Here is an example of the command line execution for this plugin:
./run_pipeline.pl -Xms100G -Xmx200G -fork1 -GBSSeqToTagDBPlugin -e ApeKI -i /Users/lcj34/git/tassel-5-test/dataFiles/GBS/Chr9_10-20000000/ -db /Users/lcj34/development/GBS/Chr9_10-20000000/GBSV2.db -k /Users/lcj34/development/GBS/Pipeline_Testing_key.txt -kmerLength 64 -minKmerL 20 -mnQS 20 -mxKmerNum 100000000 -endPlugin -runfork1
Below is an example of how this would be called from within the code:
new GBSSeqToTagDBPlugin() .enzyme("ApeKI") .inputDirectory(GBSConstants.GBS_INPUT_DIR) .outputDatabaseFile(GBSConstants.GBS_GBS2DB_FILE) .keyFile(GBSConstants.GBS_TESTING_KEY_FILE) .kmerLength(64) .minKmerCount(5) .minimumQualityScore(20) .maximumKmerNumber(100000000) .performFunction(null);
If the output database file does not exist prior to running this step it will be created. If it does exist, data will be integrated with the existing file based on the value of the "deleteOldData" parameter.
This is a very memory intensive step. The default mxKmerNum is 50,000,000. Each tag/kmer takes about 100 bytes of memory before being loaded with large amounts of data on distribution.

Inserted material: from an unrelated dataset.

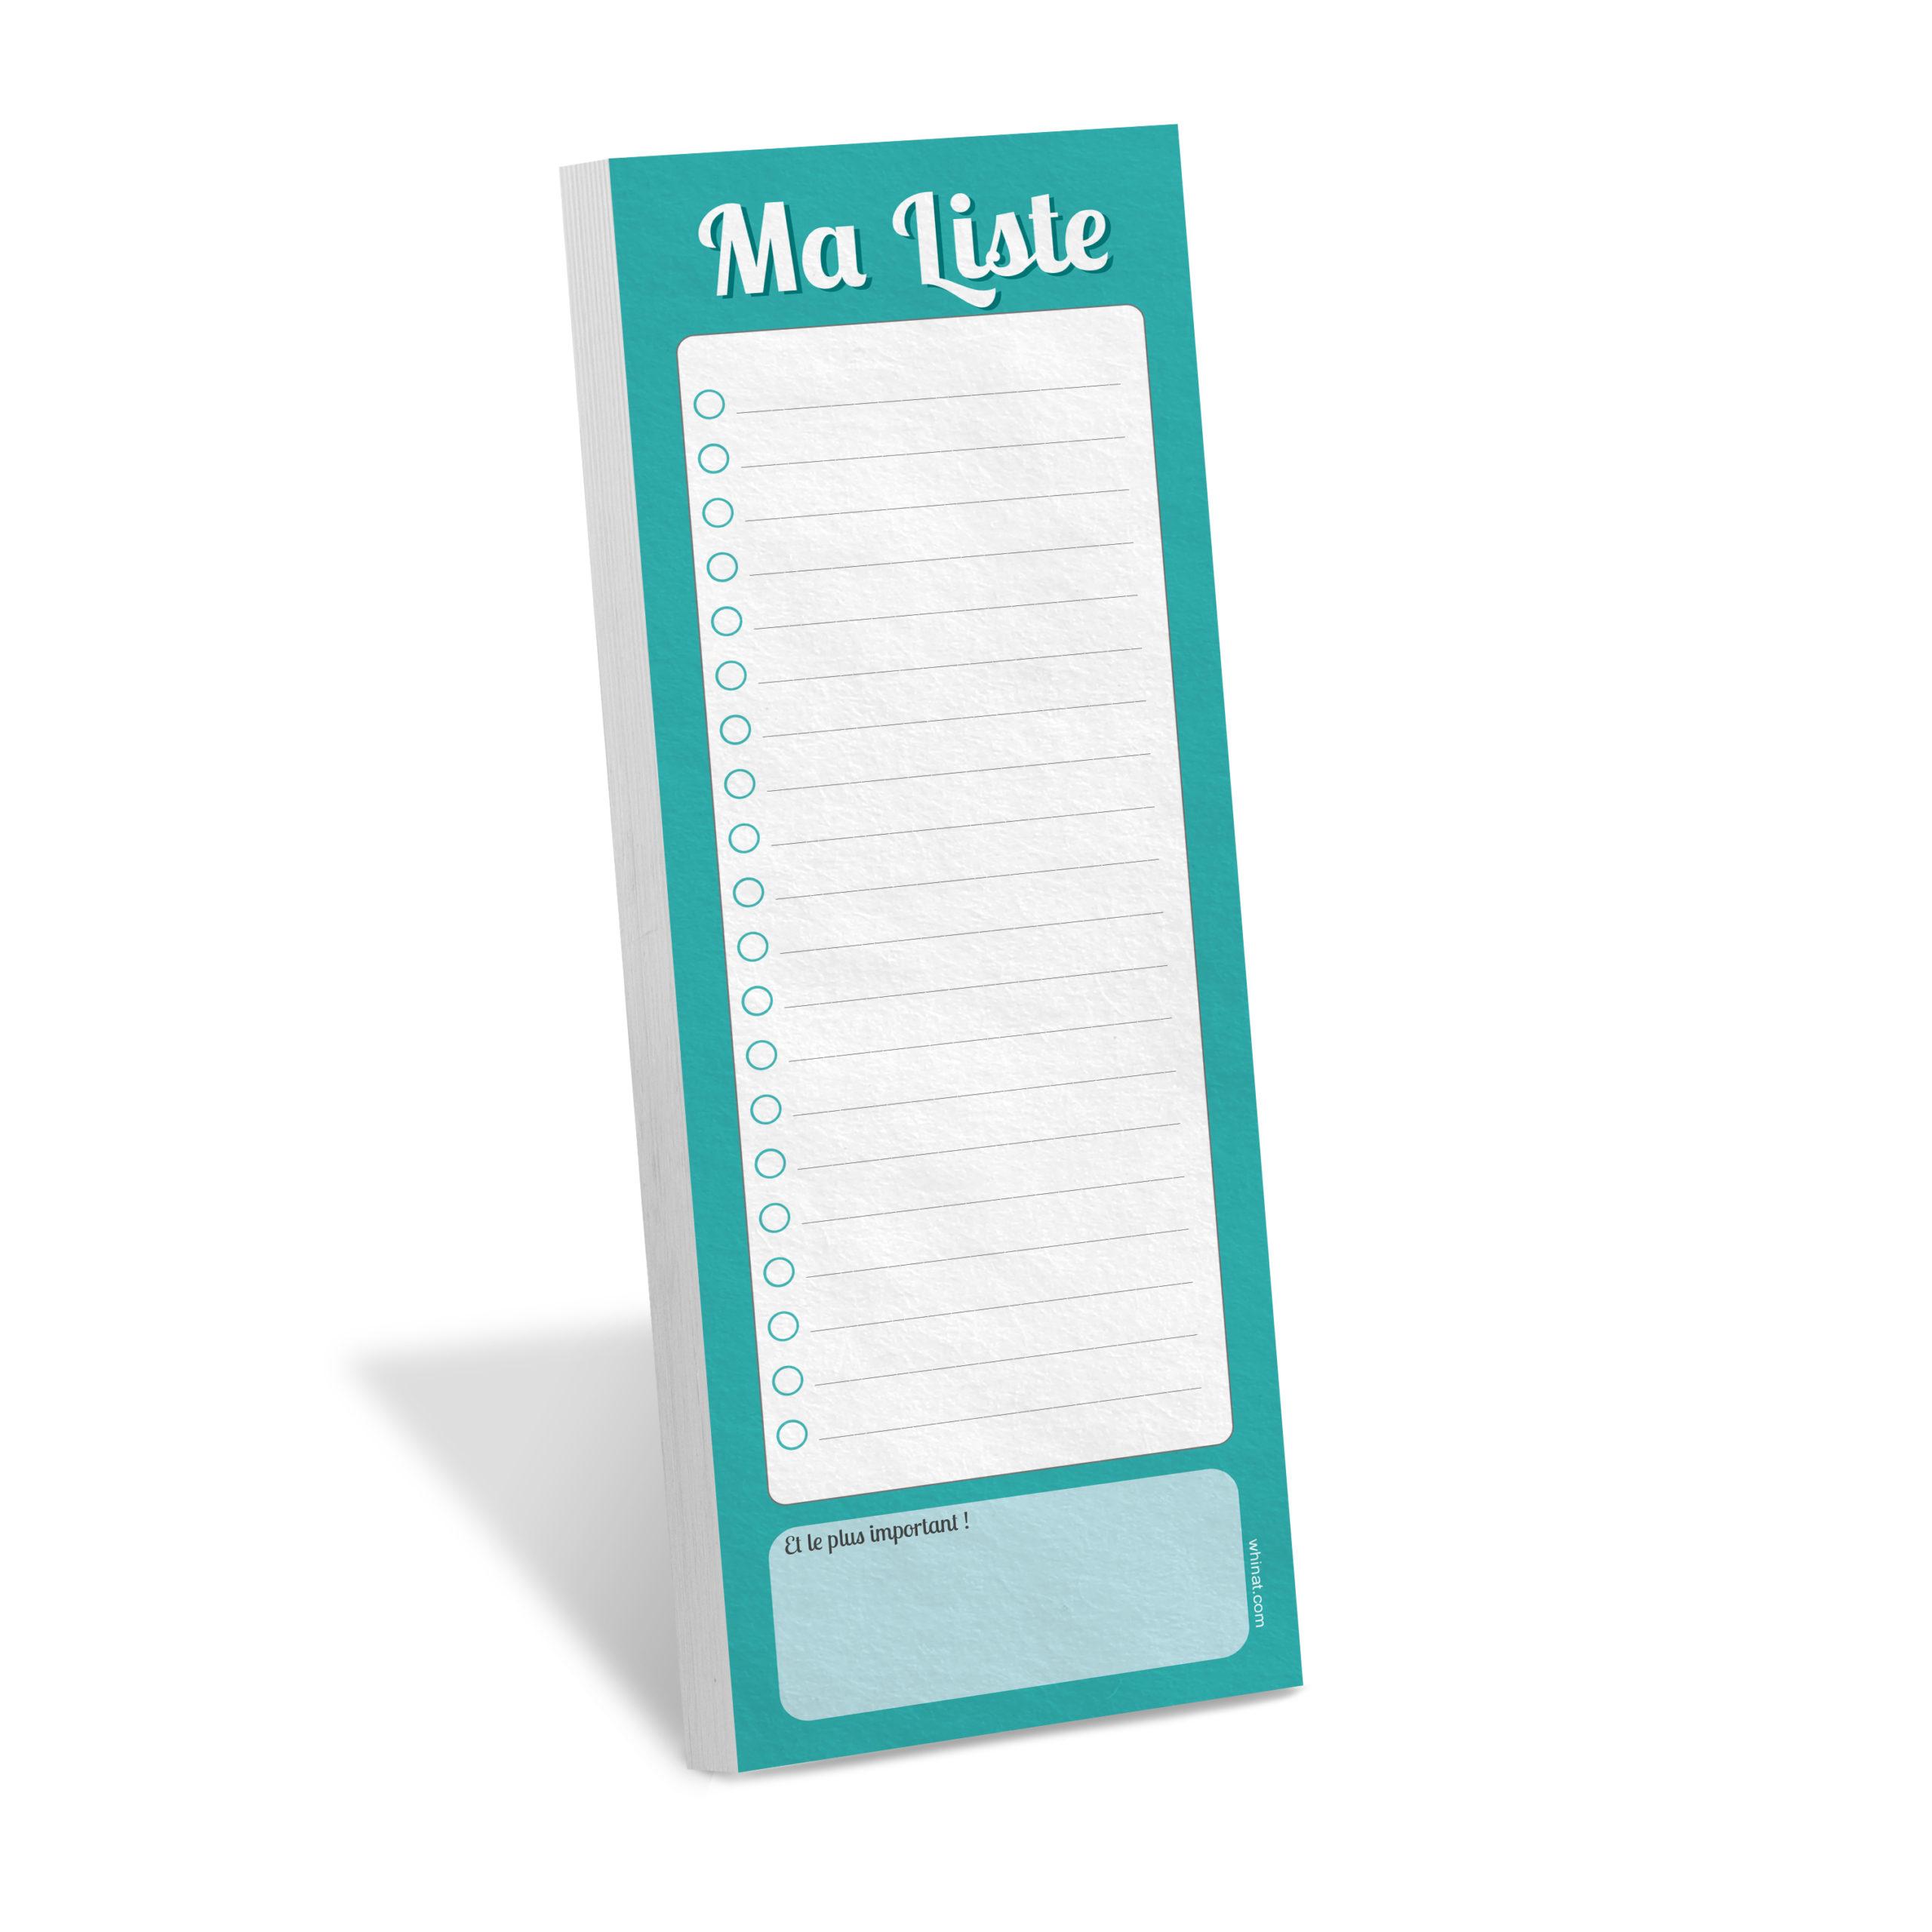 Bloc note frigo ma liste magnétique aimanté calepin liste de courses to do list todo liste

The JVM should be set to a large fixed memory size roughly 2-3X larger than that needed to load the initial kmer bytes into a map. For example, if the mxKmerNum is set to 1,000,000,000 this requires 1000000000 X 100 = 10g for the map. Then set the JVM to a large fixed size 2.5 fold larger. -Xms25g -Xmx25g
We are continuing to explore better ways to control this size. Please contact Ed and Lynn about issues. #Fastq file name format GBSv2 expects fastq files with 3, 4, or 5 underscore-delimited values. The file names should be represented as one of the formats below:
What should I do if I get the error: java.lang.IllegalArgumentException: duplicate key: Tag
This indicates a single tag was found multiple times in the database. The error generally occurs when there is an existing database file with the same name as the output database file specified for the corresponding GBSSeqToTagDBPlugin parameter. Either use a different name for the output database file, or delete the existing file. NOTE: This error should no longer occur with the addition of the "deleteOldData" parameter as data integration will handle duplicates.

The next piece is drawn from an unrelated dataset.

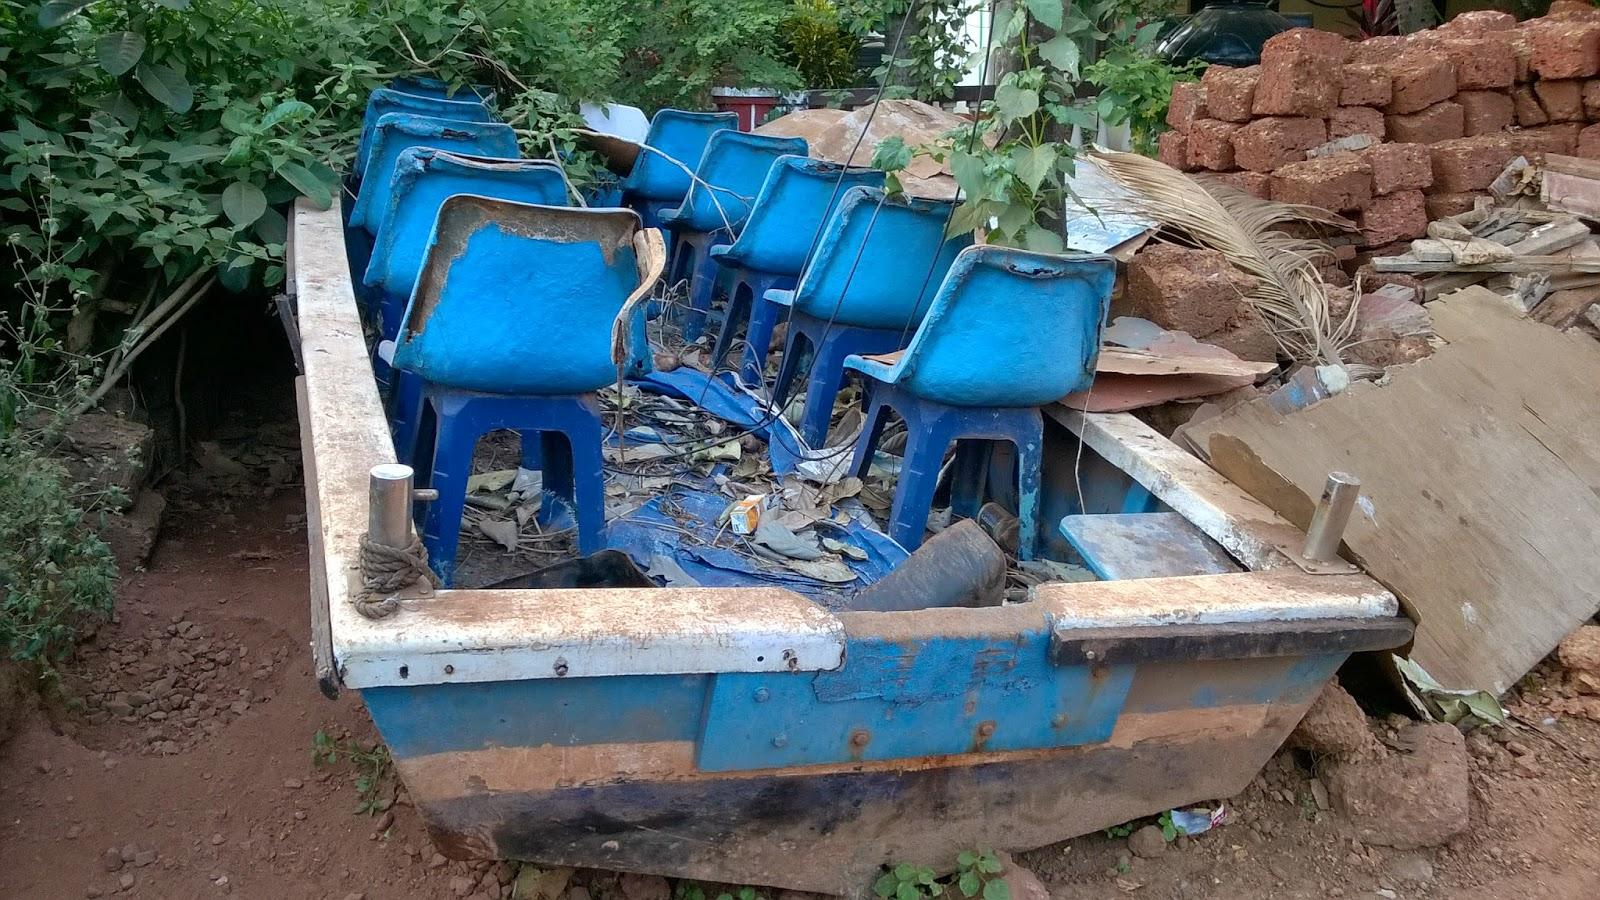 Abandoned, Boat

Plugin returns without error but has not processed any files
This could indicate none of the files in the specified input directory are represented in the key file. Check to ensure your file names are of the format flowcell_lane_fastq.gz OR flowcell_s_lane_fastq.gz OR code_flowcell_s_lane_fastq.gz and that the flowcell and lanes appear in the key file. NOTE: the files may end with one of these patterns: .fq, fq.gz, fastq, fastq.txt, fastq.gz, fastq.txt.gz, _sequence.txt, _sequence.txt.gz
*Can I use the "deleteOldData=false" to process/store fastQ files created with different enzymes into the same database?

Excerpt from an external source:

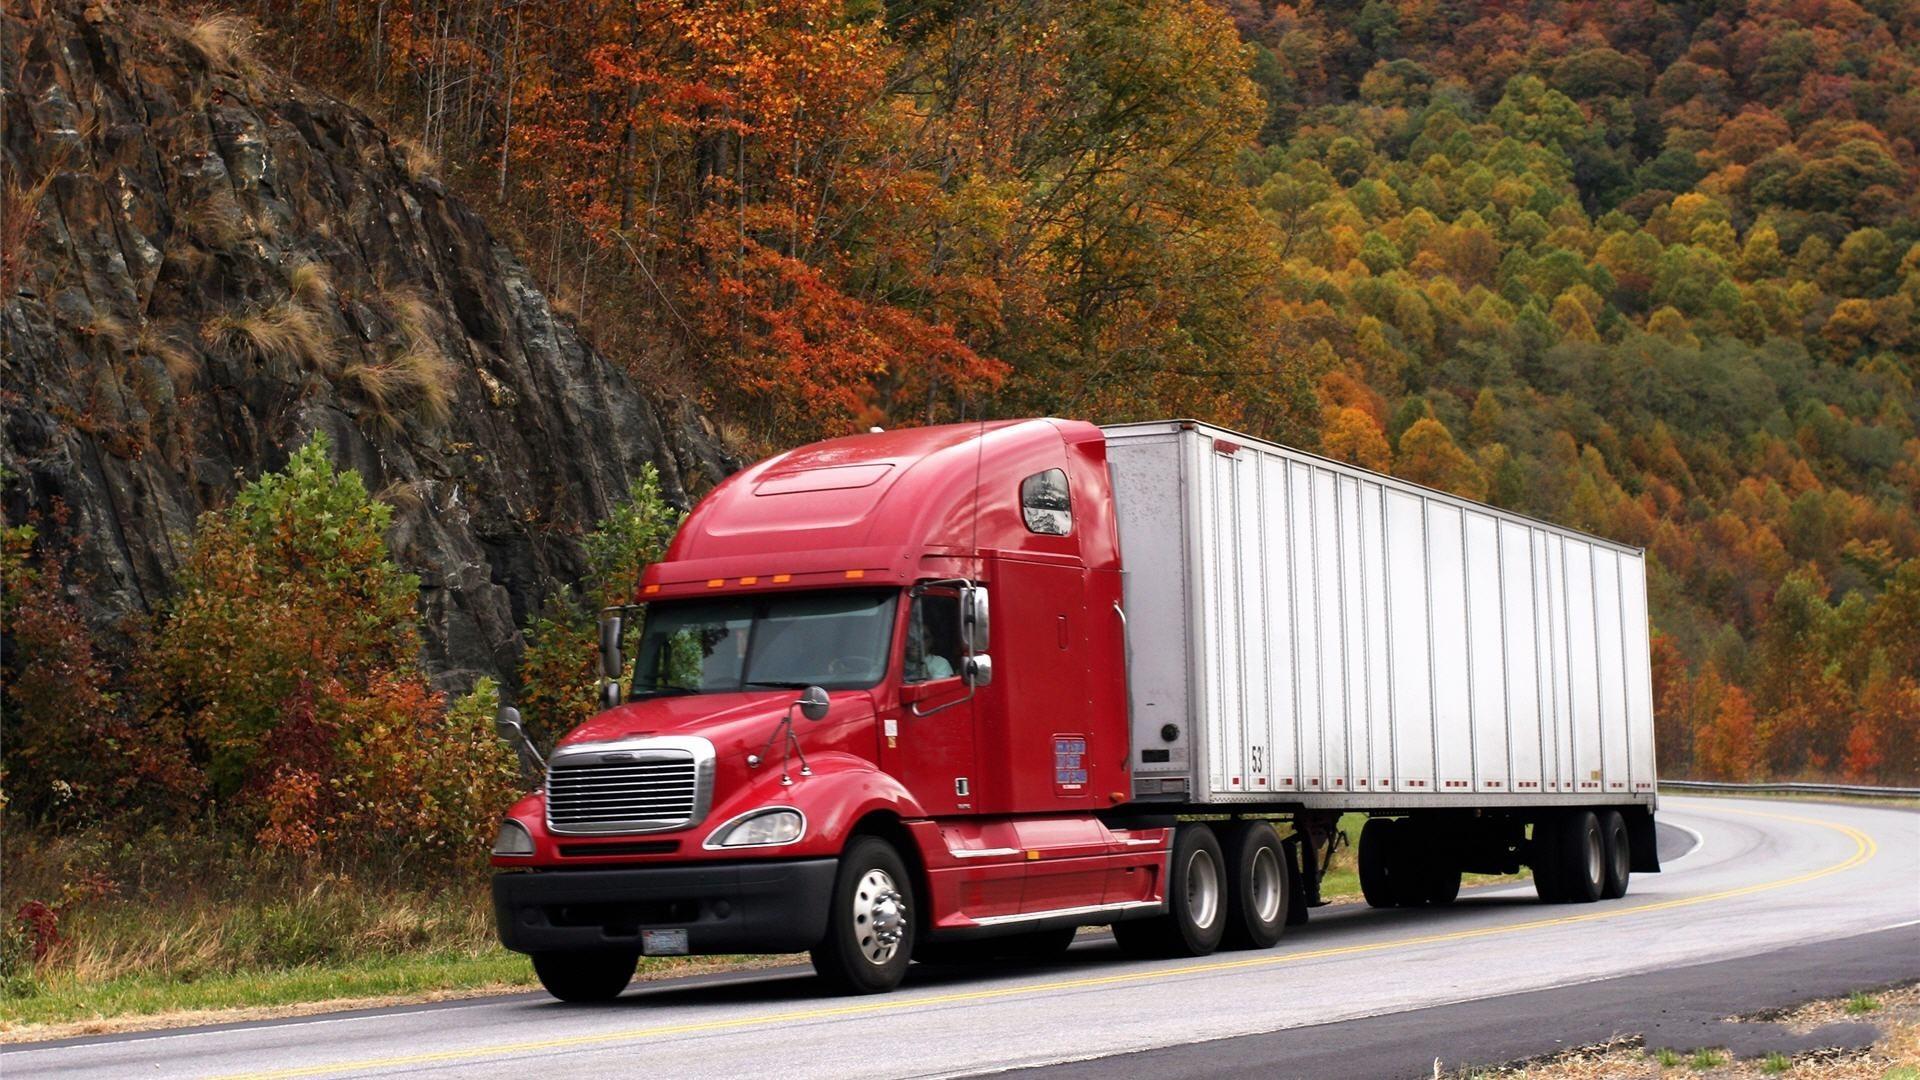 Download Free Semi Truck Wallpaper.

This is tricky. The key files must contain the same taxa, which may not be the case if the libraries were made with different enzymes. We don't currently support multiple enzyme processing. Our recommendation is to process the files separately into different databases. Run the ProductionSNPCallerV2PluginV2 to create VCF files, and then merge the SNPs from this output.
*How can I add barcodes to my fastQ files so they are usable with this pipeline?
An R script that creates new fastQ files with barcodes is the barcode_faker.R script, found here. Note that after running this script, you will need to create a keyhole from the data exported by the R script. See the script for details.